Eine spezielle Form des Persönlichen Budgets ist das sogenannte trägerübergreifende Persönliche Budget. Dabei handelt es sich um eine Komplexleistung, bei der mehrere Leistungsträger die in einem Budget zusammengefassten jeweiligen Teilhabe- oder Rehabilitationsleistungen zusammen erbringen. Zusätzlich zu den Leistungen zur Teilhabe kann der Budgetnehmer auch andere Leistungen in sein trägerübergreifendes Budget miteinbeziehen. Dabei handelt es sich um Leistungen der gesetzlichen Krankenkassen, Leistungen der sozialen Pflegeversicherung, Leistungen der Unfallversicherung bei Pflegebedürftigkeit und Pflegeleistungen der Sozialhilfe. Um ein Persönliches Budget zu erhalten, stellen die Menschen mit Behinderungen einen entsprechenden Antrag beim Leistungsträger.
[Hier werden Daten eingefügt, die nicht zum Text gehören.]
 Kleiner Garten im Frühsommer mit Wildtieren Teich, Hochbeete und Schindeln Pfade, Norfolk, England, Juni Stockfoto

Seit dem 1. Januar 2008 besteht dabei auf Leistungen in Form des persönlichen Budgets ein rechtlicher Anspruch. Demnach ist dem Wunsch- und Wahlrecht der Budgetnehmer voll zu entsprechen. Bei Vorliegen der rechtlichen Voraussetzungen sind grundsätzlich alle Anträge auf Bewilligung von Persönlichem Budget zu genehmigen. Leistungen und Leistungsträger

Am 21. März 2005 trat das sogenannte Verwaltungsvereinfachungsgesetz (Gesetz zur Vereinfachung der Verwaltungsverfahren im Sozialrecht) in Kraft. Das Gesetz stellt klar, dass für alle Leistungen der Teilhabe anstatt von Sach- und Dienstleistungen die beantragten Persönlichen Budgets zu bewilligen sind.
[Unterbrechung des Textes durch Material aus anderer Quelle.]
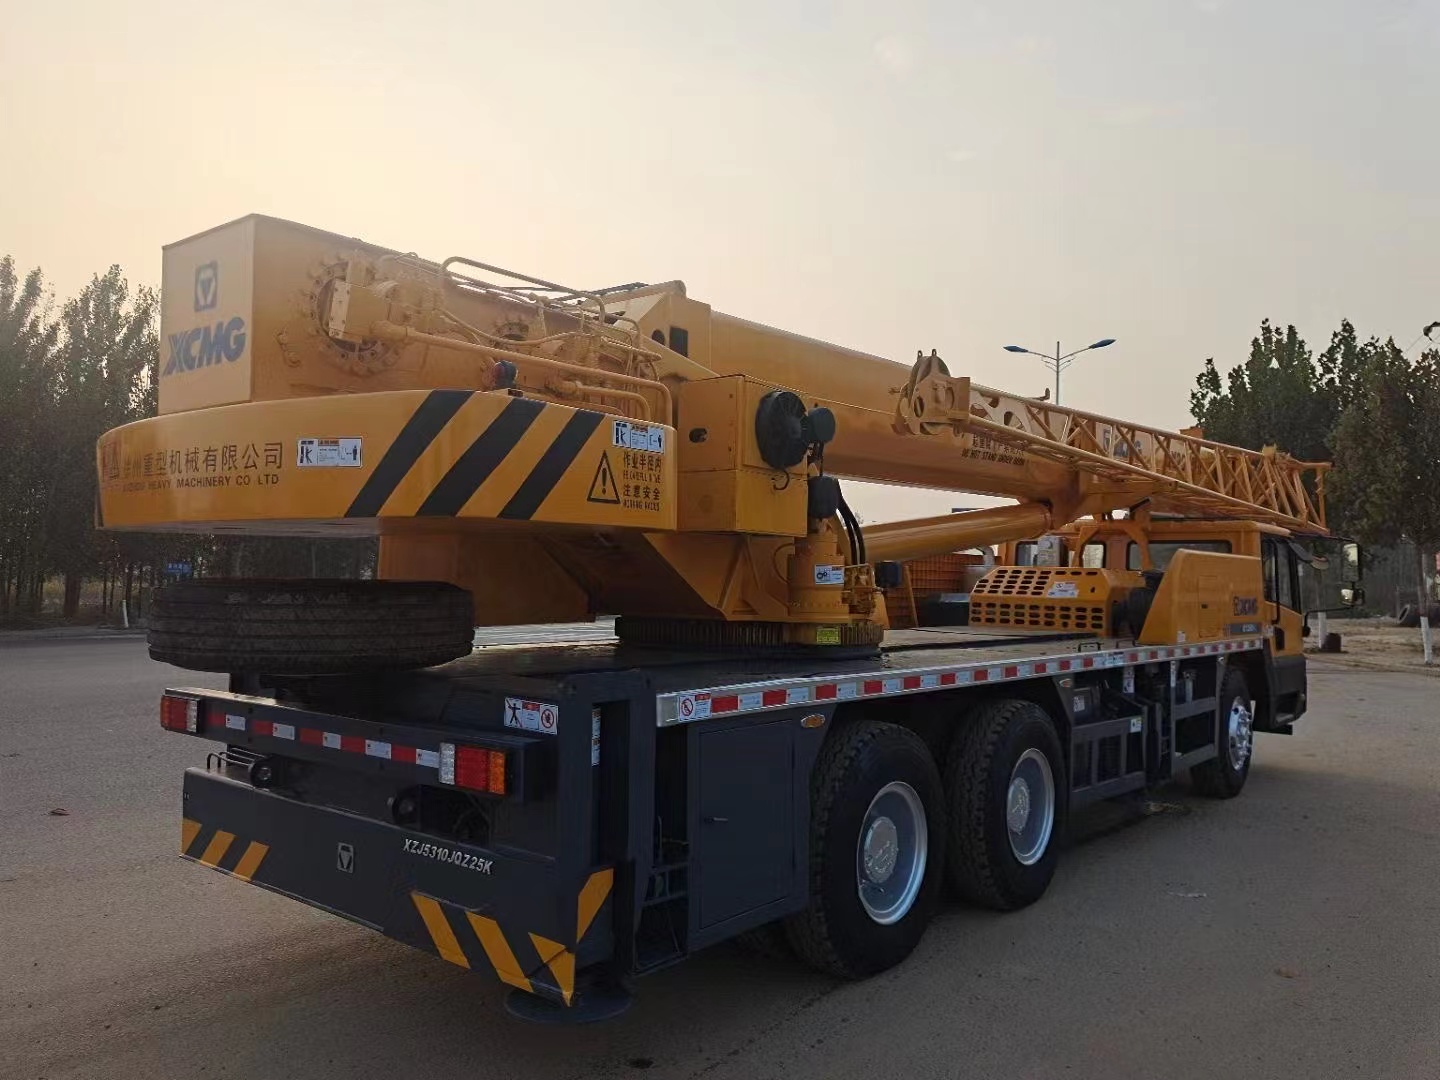 Crane bekas XCMG QY25k5 Dengan kapasitas angkat 25 ton Untuk mengangkat berbagai proyek skala besar 5

Die Leistungen zur Teilhabe wären Leistungen zur medizinischen Rehabilitation, Leistungen zu r Teilhabe am Arbeitsleben und Leistungen zur Teilhabe am Leben in Gemeinschaft. Dabei sind auch Einmalzahlungen möglich. Des weiteren ist die Beantragung weiterer Leistungen im Rahmen des Persönlichen Budgets möglich. Dazu gehören Leistungen der Krankenkassen und Pflegekassen, Leistungen der Träger der Unfallversicherung bei Pflegebedürftigkeit und Hilfen zur Pflege nach dem SGB XII, die sich auf alltägliche und regelmäßig wiederkehrende Bedarfe beziehen und als Geldleistung oder Gutschein erbracht werden können.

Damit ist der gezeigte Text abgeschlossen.